De repente, su soñadora sonrisa se esfumó. Se llevó la mano a la cabeza con una mueca de dolor. Aquel maldito tratamiento le daba unas horribles migrañas. Ese cretino de Xavier y todos esos imbéciles psicólogos… ¡¡Argh!! ¡Todos iguales con su religión de charlatanes!

Sintió que la cólera se apoderaba de él. La furia se abrió paso a través de su cerebro, desconectando poco a poco todo pensamiento racional para reducirse a la condición de negra nube de tinta que se desparramaba en el océano de su pensamiento, cual ávida morena que surgiera de un orificio para devorar su lucidez. Le dieron ganas de descargar un puñetazo contra la pared, o de hacerle daño a alguien. Hizo rechinar los dientes y girar la cabeza en todas direcciones, gimiendo como un gato escaldado, hasta que por fin se calmó. A veces le costaba horrores calmarse, pero lo conseguía a fuerza de disciplina. Durante sus estancias en distintos hospitales psiquiátricos había pasado meses leyendo los libros de esos imbéciles de psiquiatras, había aprendido sus pequeños trucos de prestidigitación mental, sus pamplinas de ilusionistas y había ensayado y ensayado en el fondo de su celda como solo un obsesivo es capaz de hacer. Conocía su debilidad principal: no existía un solo psiquiatra en el mundo que no tuviera un elevado concepto de sí mismo. Había habido, no obstante, uno que había adivinado su tejemaneje y le había retirado los libros, uno entre las decenas que había conocido.

De golpe, un estridente sonido le taladró los oídos. Se irguió en el asiento. La ensordecedora sirena que sonaba en el pasillo mandaba unas desgarradoras flechas sonoras que le herían los tímpanos, acentuando su migraña.

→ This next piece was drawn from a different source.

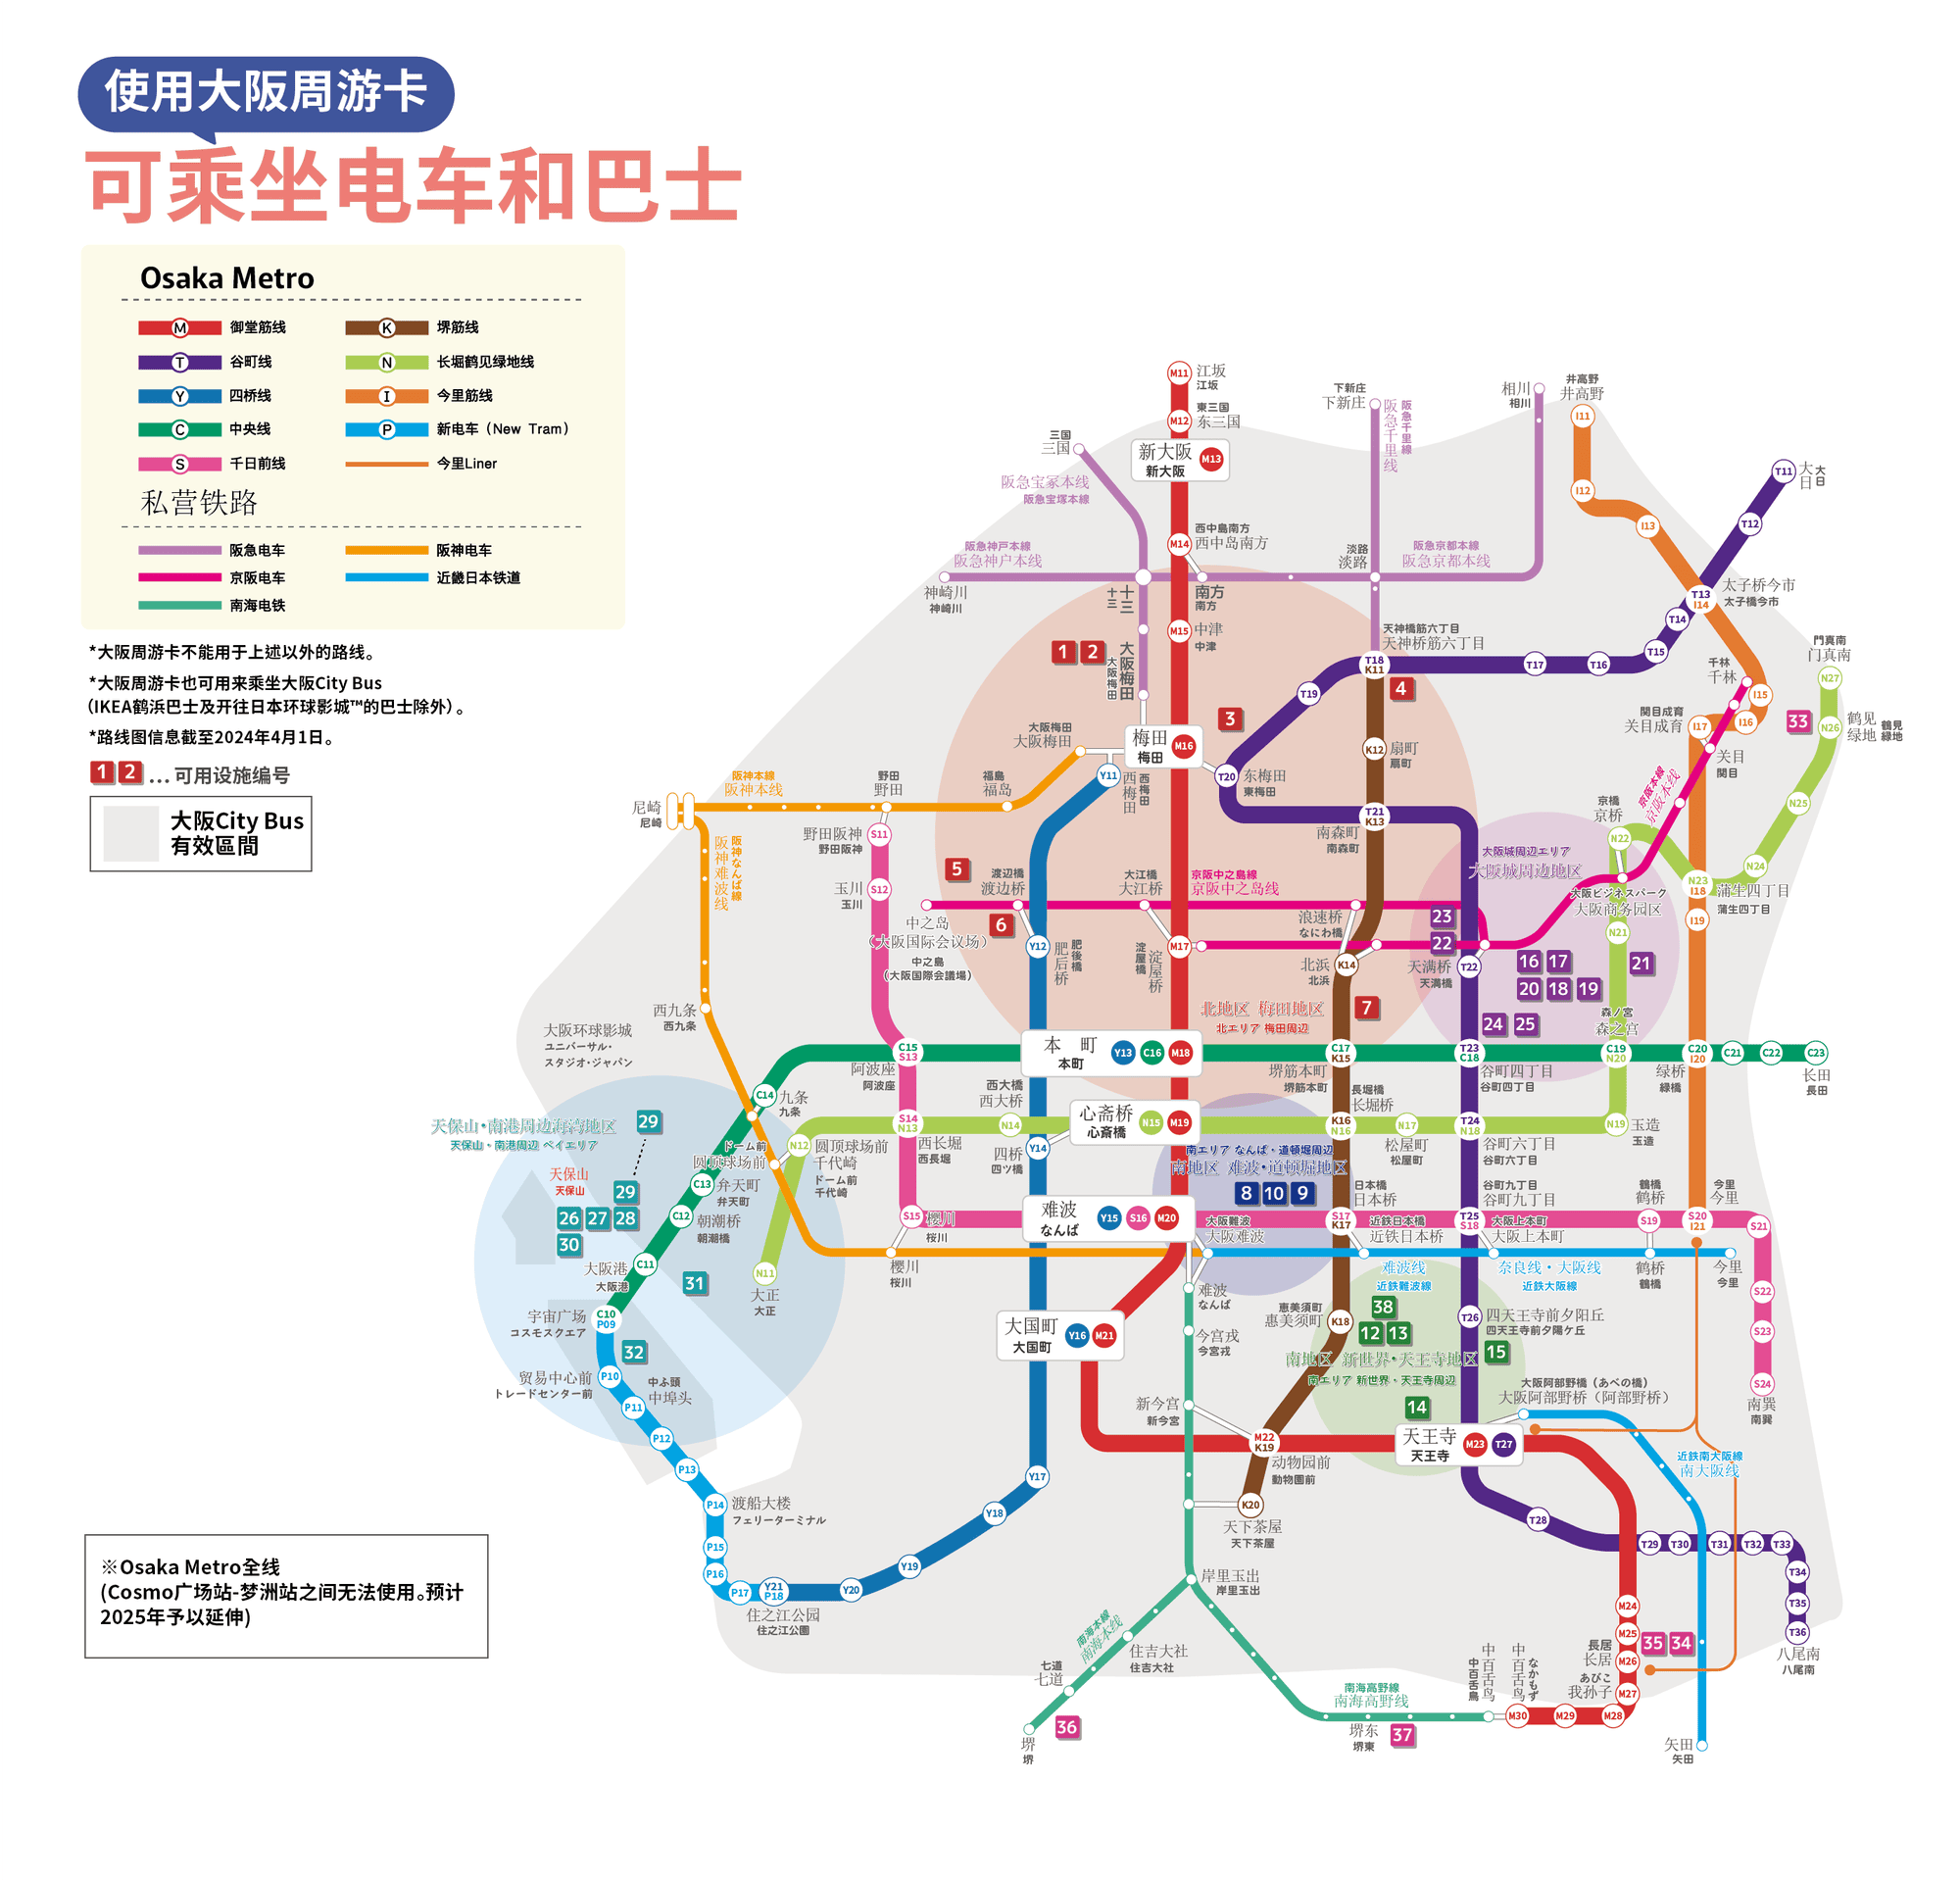 Trains and buses that can be used with the Osaka Amazing Pass

Apenas le dio tiempo a preguntarse qué ocurría cuando se apagó la luz. Se encontró sentado en una oscuridad aplacada por la pálida claridad de la ventana y por una luz anaranjada que entraba de manera intermitente por la ventanilla de la puerta. ¡La alarma de incendios!

El pulso se le disparó hasta ciento sesenta pulsaciones por minuto. ¡Un incendio en el Instituto! Aquella era quizá la ocasión esperada…

De repente, la puerta de su celda se abrió y Lisa Ferney entró a toda prisa, con la silueta recortada por la violenta luz naranja giratoria.

Llevaba un cortaviento con forro polar, una bata y un pantalón blancos y un par de botas en la mano, que le lanzó.

—Vístete. ¡Rápido!

También depositó en la mesa una máscara de protección antihumo con filtro facial y gafas de plexiglás.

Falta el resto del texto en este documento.